Recommendations from HPC/ML specialists and enthusiasts

shakhizat · April 21, 2023, 5:41am

Dear Ask Cyberinfrastructure community,

As a small non-profit academic organization with Nvidia DGX servers, we are seeking recommendations from HPC/AI specialists and enthusiasts worldwide. We would like to know how you maintain your HPC/AI clusters for machine learning training and whether there are any online HPC clusters available for testing their functionality.

Additionally, we would appreciate any best practices you could recommend for small academic organizations, as well as any online training programs you could suggest.

If anyone has experience with Bright cluster computing, we would like to hear your thoughts on its worthiness.

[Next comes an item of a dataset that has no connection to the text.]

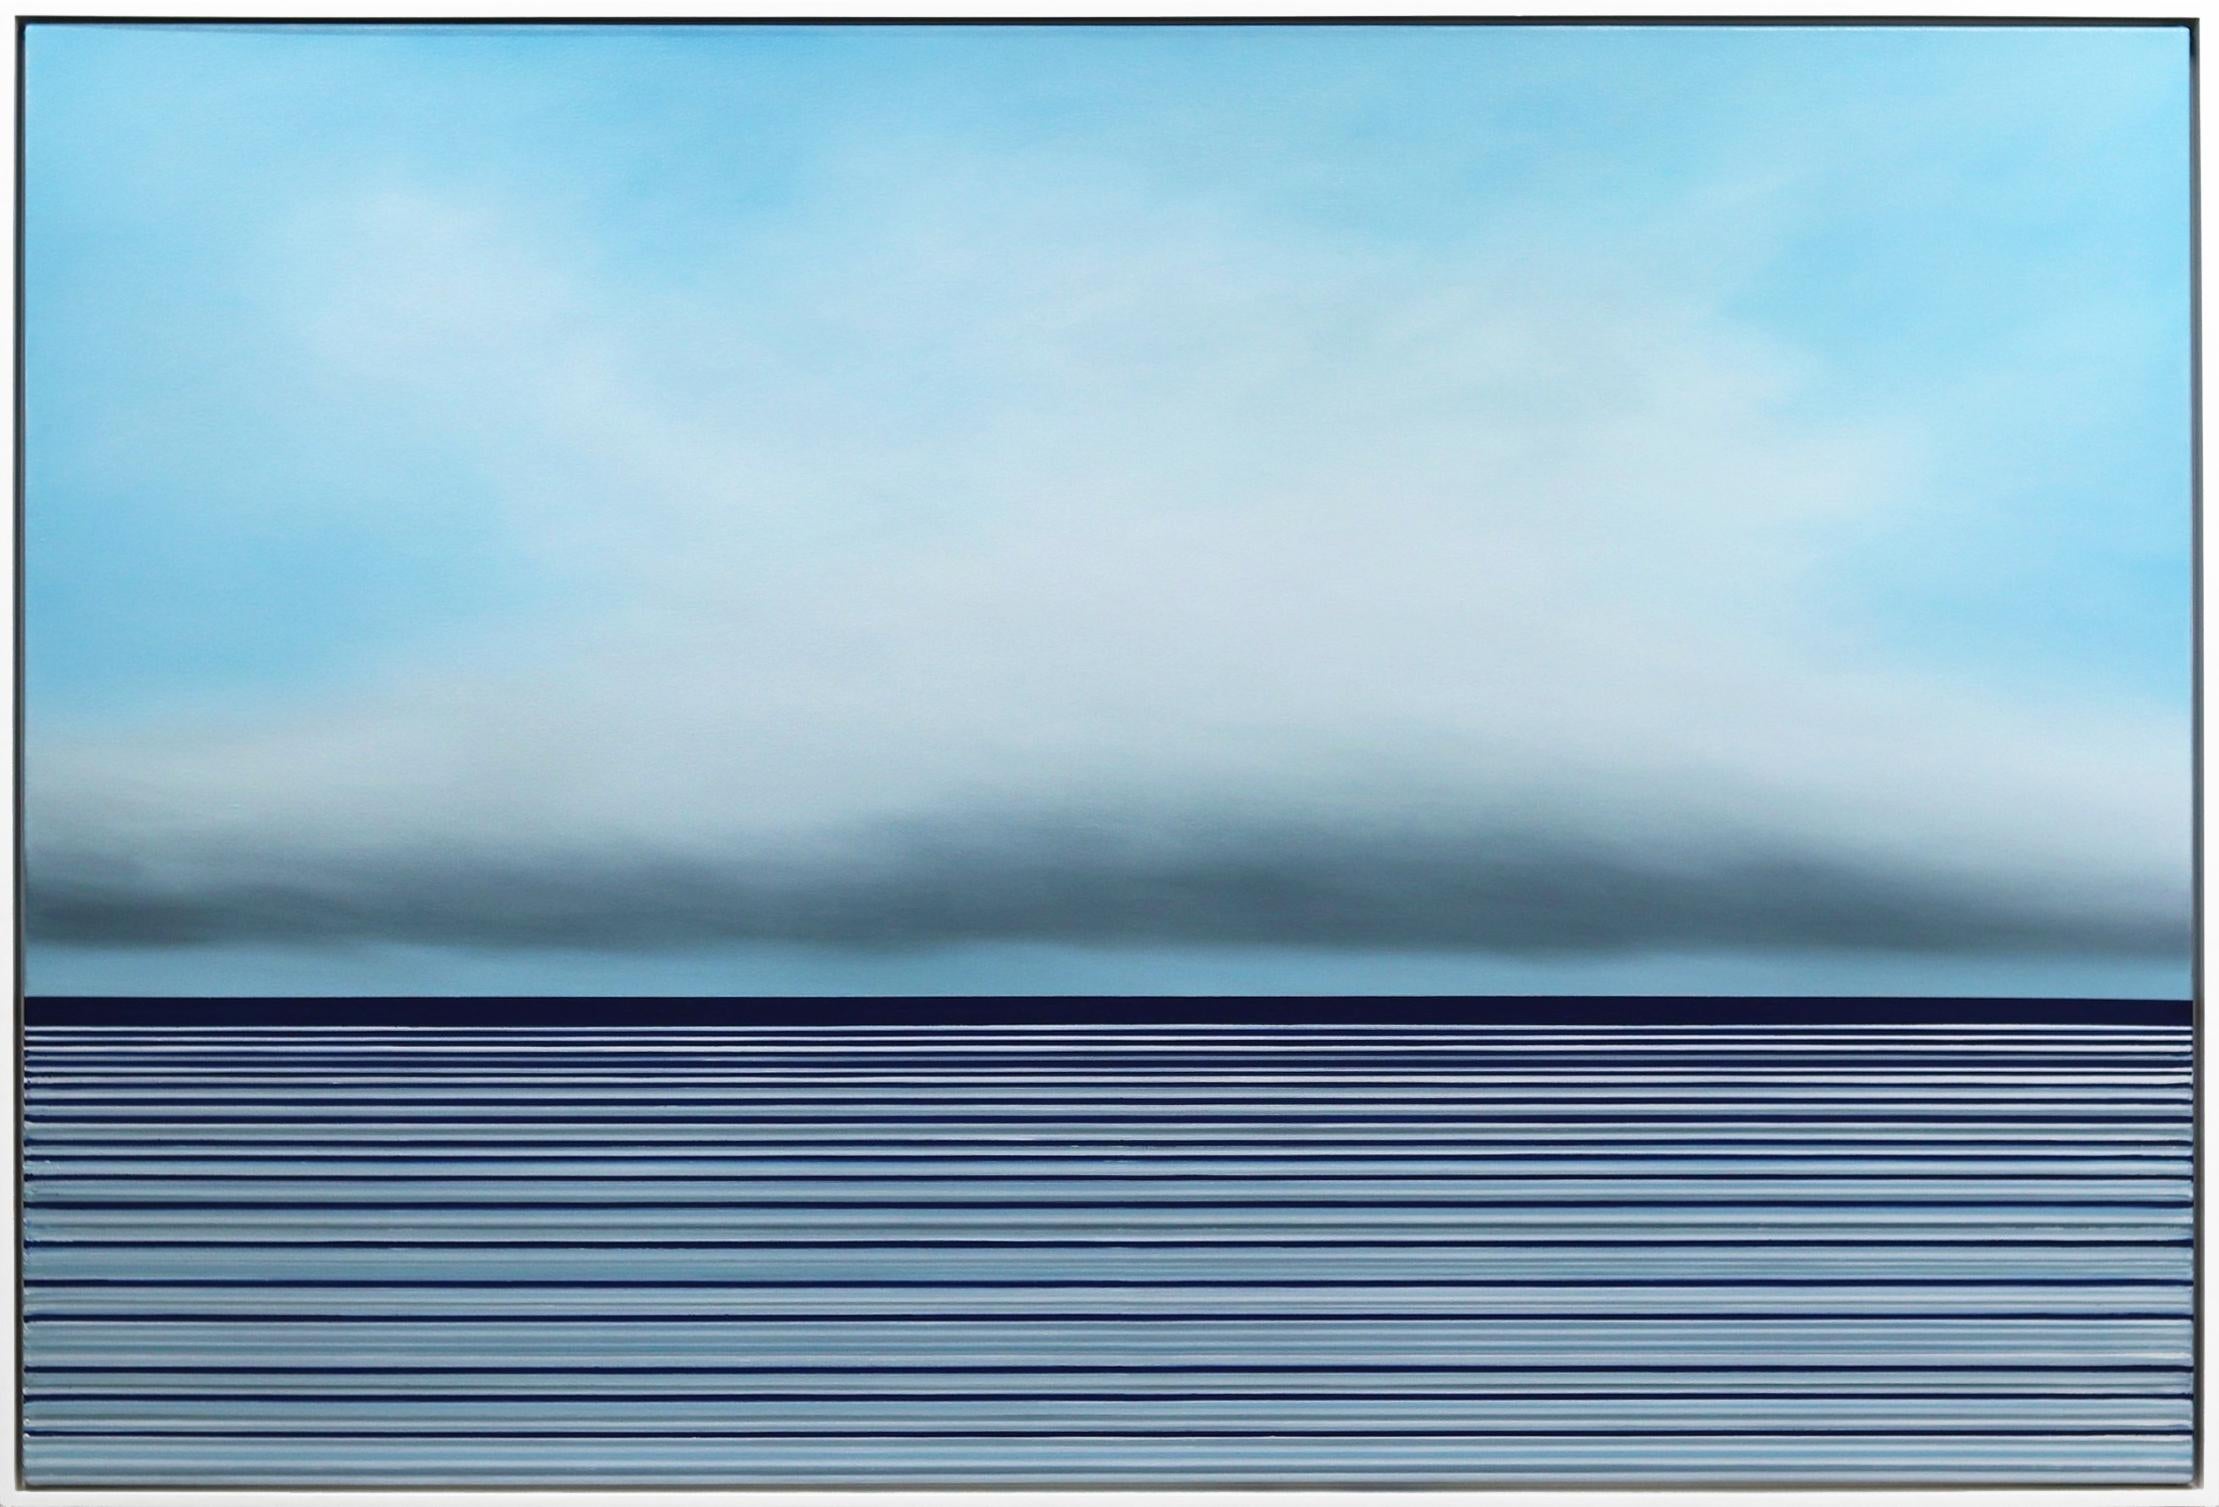 Untitled No. 733 - Large Framed Contemporary Minimalist Blue Artwork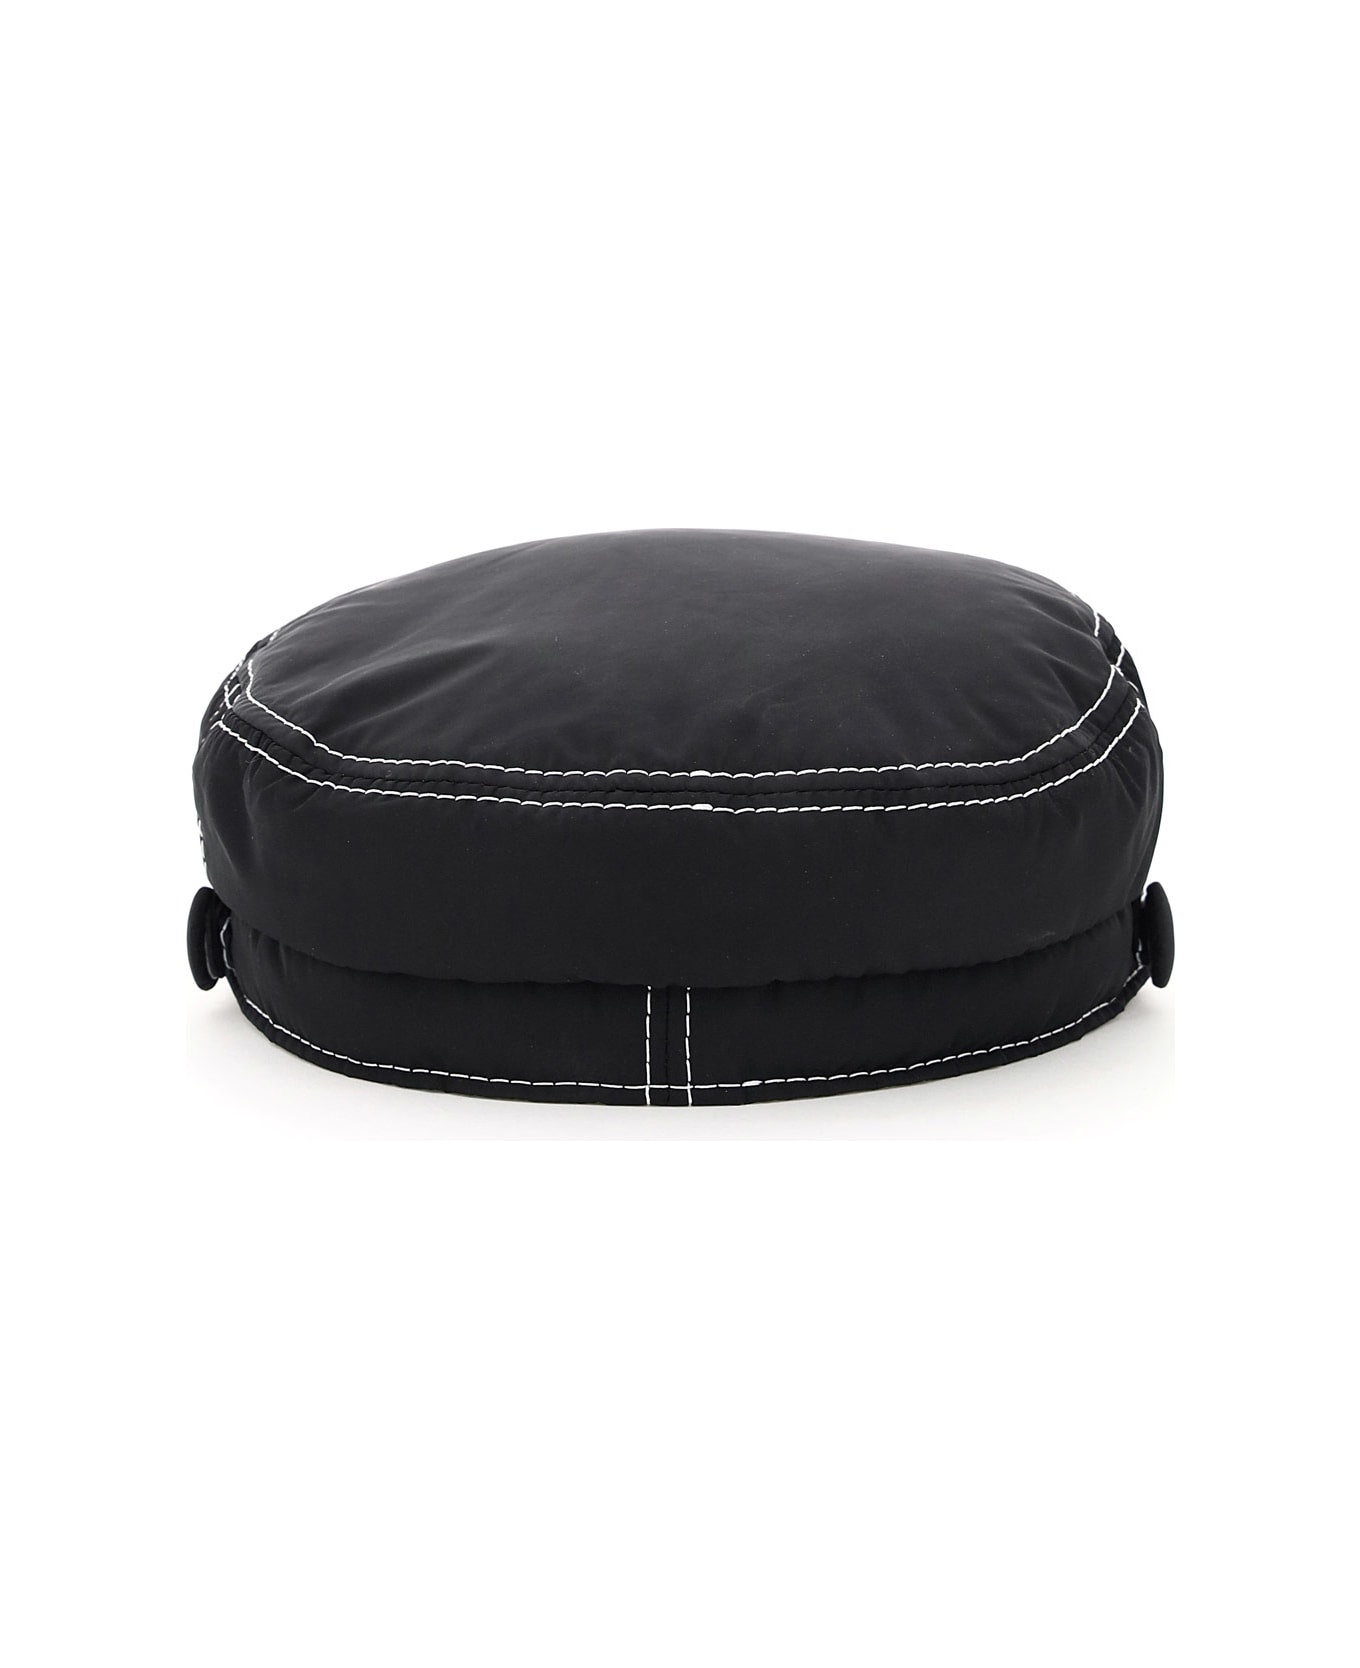 Maison Michel New Abby Nylon Sailor Cap - BLACK 帽子

Regarding the choice between Kubernetes and Slurm for small organizations, we would like to know which option would be better. Can Kubernetes provide the same functionality as Slurm in terms of job scheduling?

Thank you for your time and assistance.

Best regards,
Shakhizat

jfossot · April 22, 2023, 1:25pm

It looks as though you have a lot of questions related to how to effectively use the resources you have available. If I were to solve the same problem. I will use nationally available testbeds to evaluate hardware and Applications that I am interested in. I will identify some of the users on my campus then get a Campus Champions allocation from ACCESS. I will give these identified users access and watch how they use the resources. I will then make it a staple of my service offering.

These are some testbeds that I know of. I have never use them but I have had for close communication with them:

Chameleon Testbed
FABRIC Testbed also includes many testbeds around the world

Some free computing resources that you can have access to are:

ACCESS. The Campus Champions allocation will work well for you. It worked for me when I was at R2 and R3 institutions.
ALCF, Find a contact and talk to them. They also offer training for facilitators .
OLCF. You can find resources and training. This is where I was first exposed to HPC.
NERSC. The resources here are mostly for scientific applications, they also have training.

As far as Slurm and Kubernetes goes, you can use them in different ways:

You can use Slurm manage jobs especially for your bare metal
If you could virtualize you GPU server and have vGPUs then Kubernetes can be very useful to manage the resources and run applications. I think this one will work well for you. I can talk more on how to use it if you are available.